Bio-inspired synthesis of NaCl-type CoxNi1−xO (0 ≤ x < 1) nanorods on reduced graphene oxide sheets and screening for asymmetric electrochemical capacitors

Abstract

A bio-inspired approach has enabled the first synthesis of Co_xNi_1−xO (0 ≤ x < 1) nanorods on reduced graphene oxide (RGO) sheets.

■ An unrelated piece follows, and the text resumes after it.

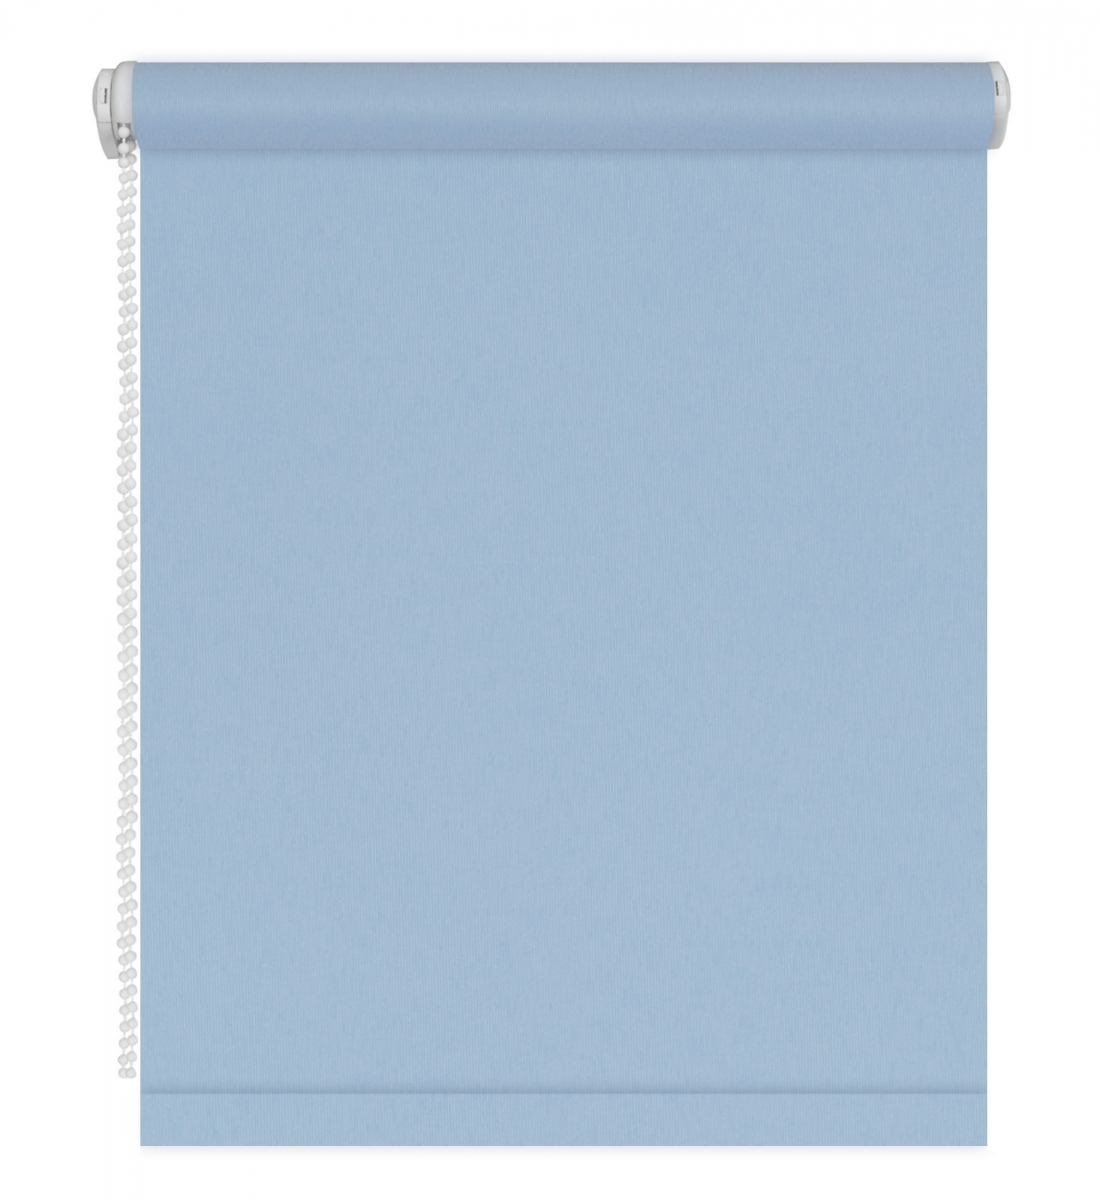 Рулонные шторы Shevon Цвет: Голубой

The key is the crystallization process from amorphous precursors in a disordered and hydrated state being able to take compositions arbitrarily different from that of the known stable mixed oxide NiCo₂O₄. This success has permitted further screening of the compositions for electrochemical capacitors. Co_xNi_1−xO/RGO nanocomposite electrodes achieve a peak specific capacitance when the Co/Ni molar ratio is close to 1. For example, Co_0.45Ni_0.55O/RGO nanocomposite electrode has exhibited a specific capacitance up to 823.0 F g⁻¹ (based on the total active materials mass) and 909.4 F g⁻¹ (based on the oxide mass) at 1 A g⁻¹, which are among the highest for Co/Ni oxides. Also revealed was their superior cycling stability compared to the Co₃O₄/RGO and NiO/RGO nanocomposites, with a surprising increase of the specific capacity in the initial 100 cycles before flattening out. In addition, testing of (Co_0.45Ni_0.55O/RGO)//RGO asymmetric cells yielded an energy density up to 35.3 Wh kg⁻¹ at a cell voltage of 1.5 V, much higher than those of the symmetric cells (Co_0.45Ni_0.55O/RGO)//(Co_0.45Ni_0.55O/RGO) (20.2 Wh kg⁻¹) and RGO//RGO (4.5 Wh kg⁻¹). Even at a high power density of 3614.0 W kg⁻¹, the asymmetric cell could still maintain an energy density of 28.0 Wh kg⁻¹. There was only a <4% loss of the initial specific capacitance after 1000 cycles of charge/discharge at 2 A g⁻¹.